碧い瞳の天使
武尾さぬき
序章
第0話 呪いの絵
「お坊ちゃん……、今日もお部屋から出てこないらしいわよ?」
「もう何日目? ずっと引き籠りっぱなしじゃない?」
「私、噂で聞いたんだけど――、例の絵を見てしまったせいじゃないかって……」
お屋敷のエントランスホール、3人の若いメイドが箒を片手にひそひそと噂話をしていた。彼女たちの話題の中心は、御年15となったこの家の一人息子について。
どうやらここ数日の間、ずっと自室に籠ったままで、外に顔を出していないらしい。
その原因が体の不調であったり、あるいは生来の性格によるものだったなら――、こうした好奇に満ちた噂の対象にはならなかったであろう。
問題はその原因――、彼女たちが口にした「例の絵」にあった。
この屋敷には、「決して見てはいけない」といわれている、1枚の絵が保管されている。その謂れについてメイドたちは知らない。
ただ、この家の人間にとって無下にはできない代物であることは間違いなかった。
誰の目にも触れないのなら捨ててしまえばいい、或いは――、仮に高価なものなら売ってしまえばいい。
ここで働き、絵の存在を知る
今は使われていない屋敷の一室に保管されているその絵は、1日に1度、必ずあるべき場所に置かれているか、確認するよう言いつけられている。さらに掃除も念入りに――、わずかな埃でものっていようものなら、きついお叱りを受けるという。
しかし、その絵は今、話題の中心にいる子息の部屋にあった。
彼は例の絵を持ち出して、自室に籠り、メイドたちが噂しているこの瞬間もじっとその絵を見つめていた。
睨み付けるわけでもなく――、だからといって、なにかを観察する目でもない。まさに「目が離せない」といった様。
それは例えるなら――、流れ星を探して星空を見つめるが如く。いつ訪れるかわからないその一瞬を見逃すまいと――、そんなふうに見えた。
そんな彼を呪縛から解き放ったのは、扉を叩く音。ただ、「ノック」と呼ぶにはあまりに品性を欠いた大きな音。それに続けて、聞こえてきたのは大人の女性の声だった。
「――お母さま? 一体何事ですか? そんなに大きく、それに何度もドアを叩かなくても僕には聞こえておりますが……?」
「あーら、あらあらあら? そう聞こえてたのね? ちなみに――、それはいつからかしら?

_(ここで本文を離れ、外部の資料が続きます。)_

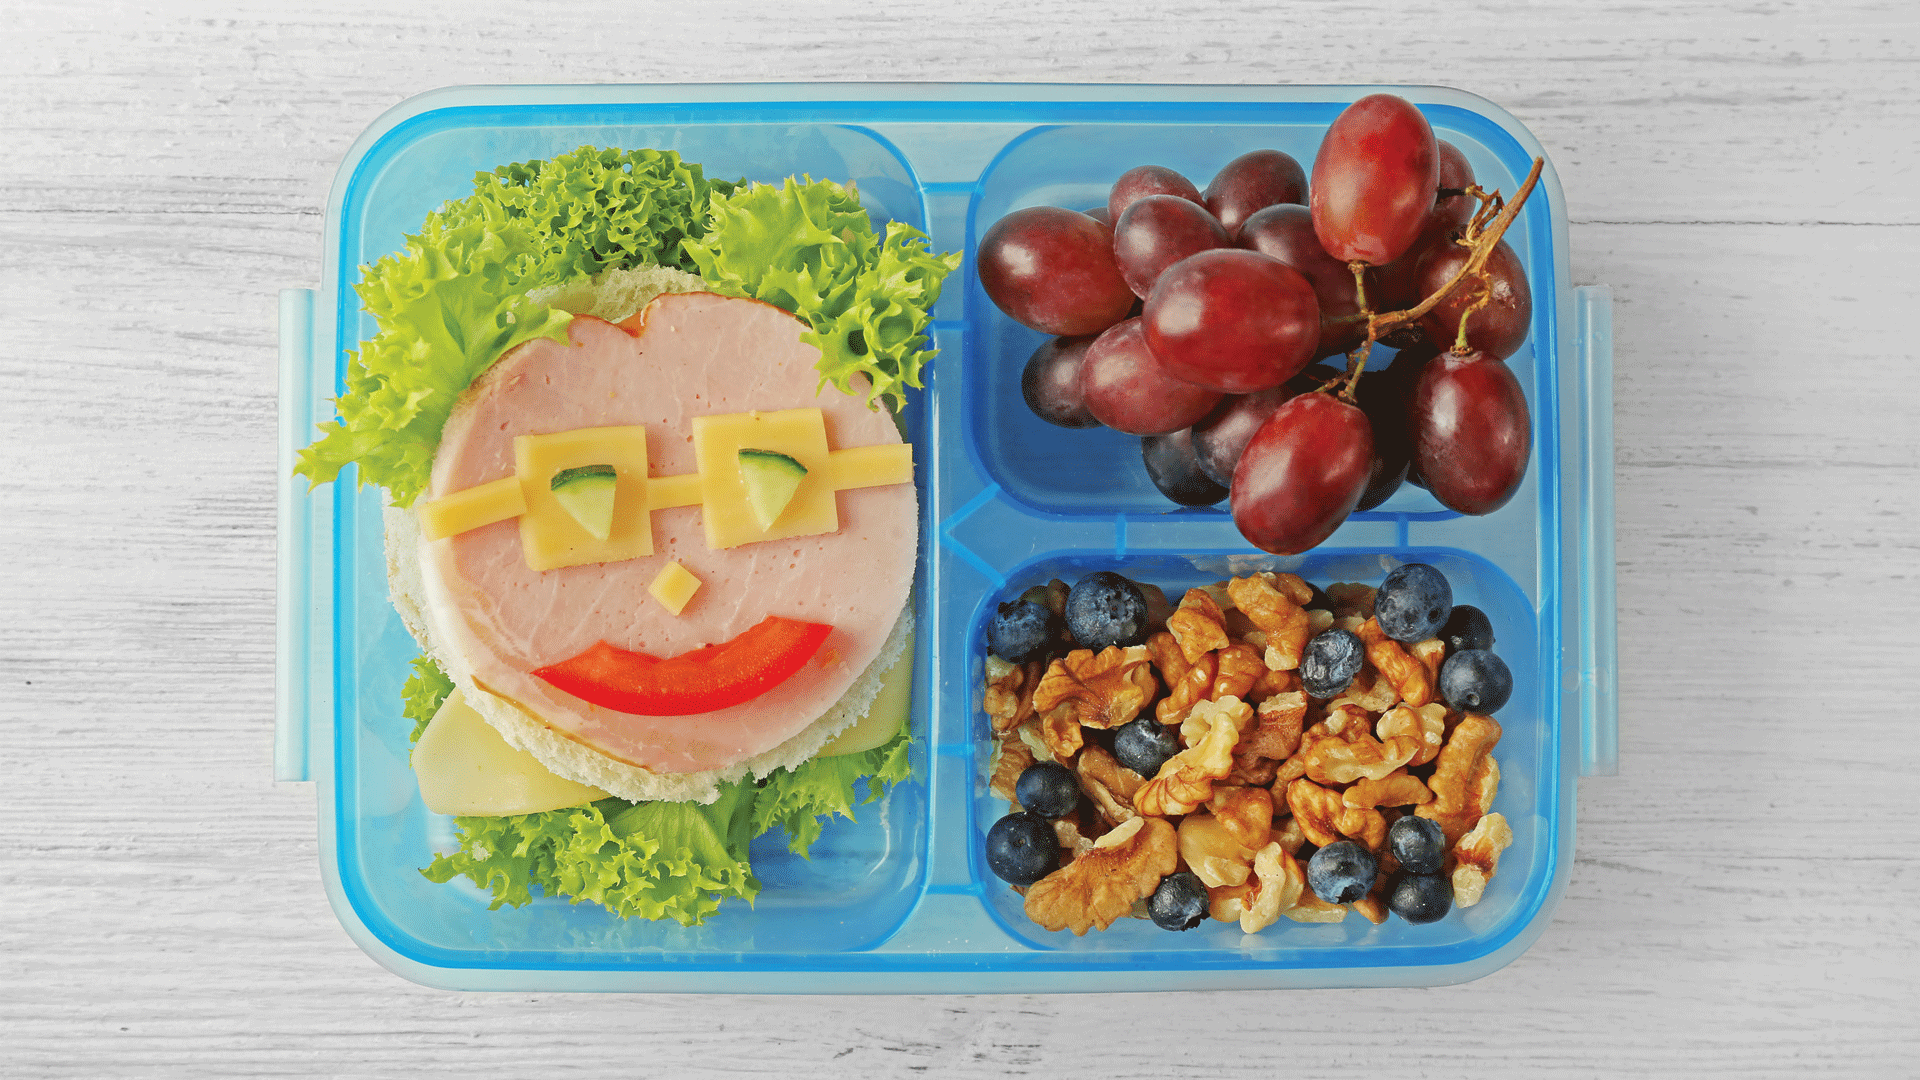 6 Eco-friendly lunch ideas

部屋の扉を小さく開けると、そこにあったのは笑顔でいながらも、明らかに苛立っている婦人、彼の母親の姿であった。
ブロンドの長い髪に、透き通るような白い肌。15の子をもつ母には見えないほどにその姿は若々しい。
皮肉めいた言い回しで、苛立ちの大部分を吐き出した彼女は、開いたドアから部屋の中を覗き見る。そして、そこに「例の絵」があることを確認するのだった。

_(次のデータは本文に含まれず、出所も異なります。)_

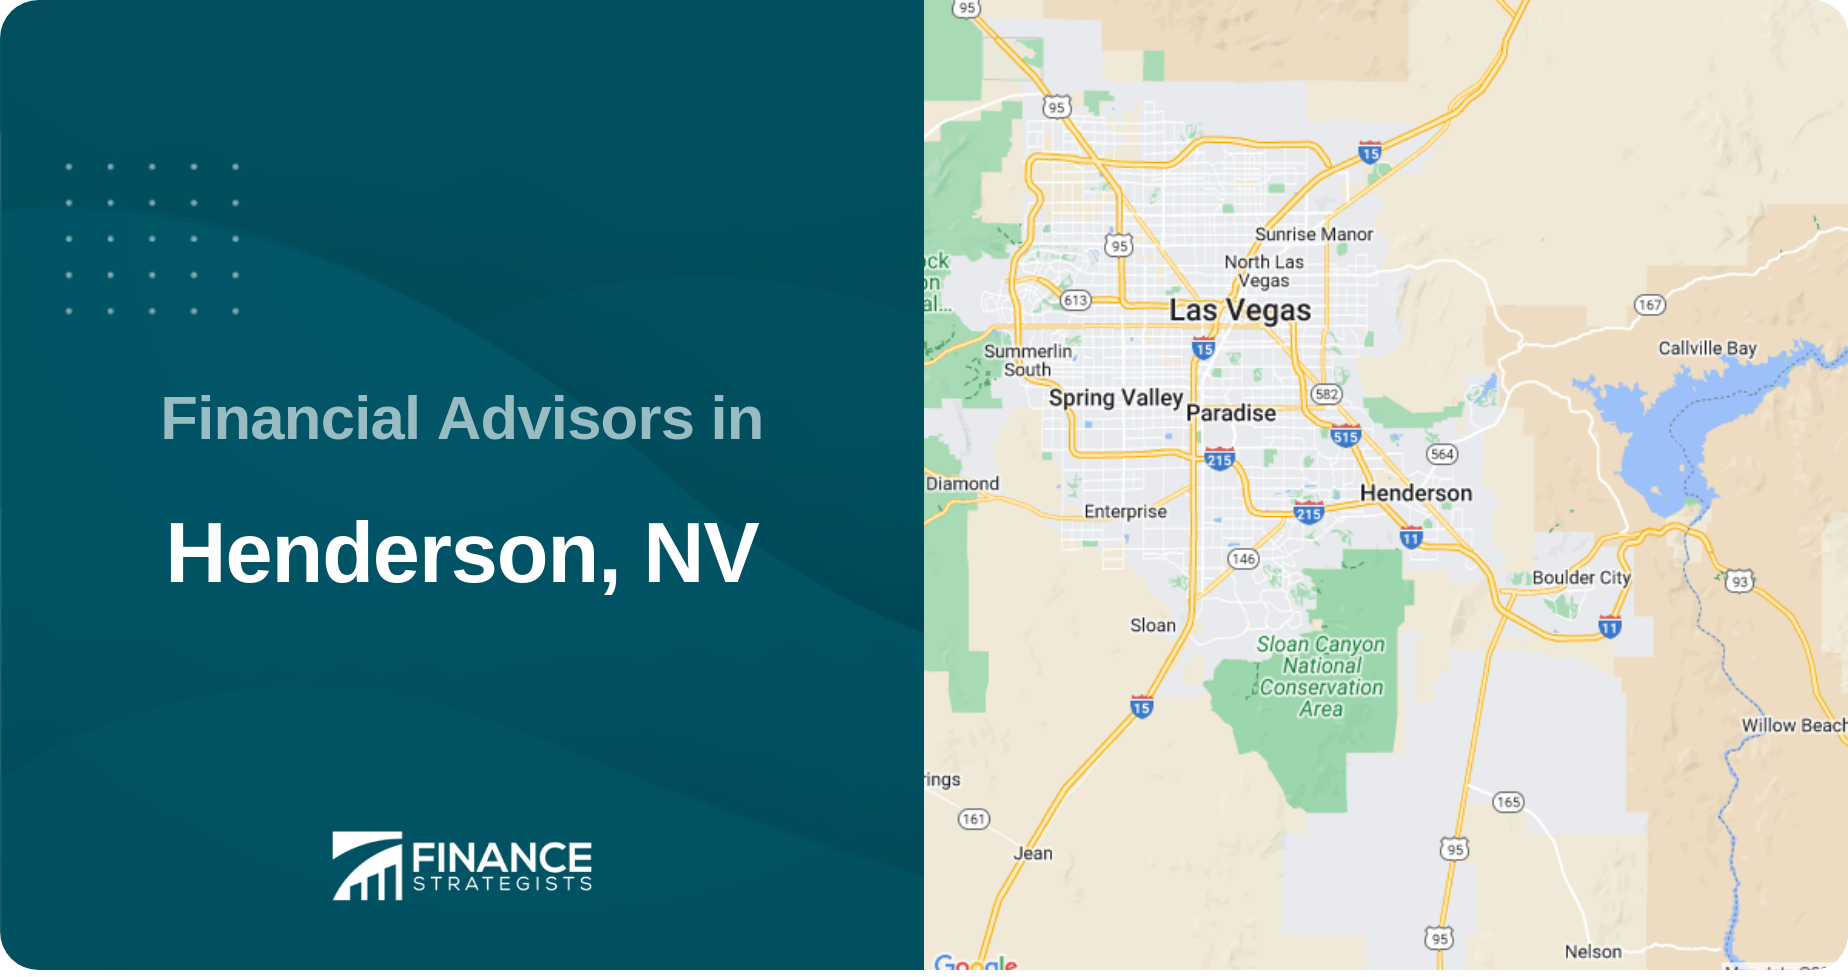 Financial Advisors in Henderson, NV

「あぁ……、まぁ、もぅ――、お父さまからあれほど『見るな』と言われていたはずなのに……、とうとうあなたも見てしまったのね?」
深いため息を吐き出すとともに、婦人は絵を一瞥してそう口にした。そして、断りを入れるでもなく、部屋の中へ入っていくと、さらに近くでまじまじとそれを見つめる。
「お母さまはこの絵を――、いいえ、この人を存じているのですか?」
「そうね。『この人』はともかく、『この絵』については知っているわ。とても――、とてもとても美しい絵よね」
「はい! 僕もそう思います!」
並んでその絵――、「肖像画」を見つめるふたり。不思議とふたりの視線はある一点に集中していた。それは、深い青色をした肖像画の瞳。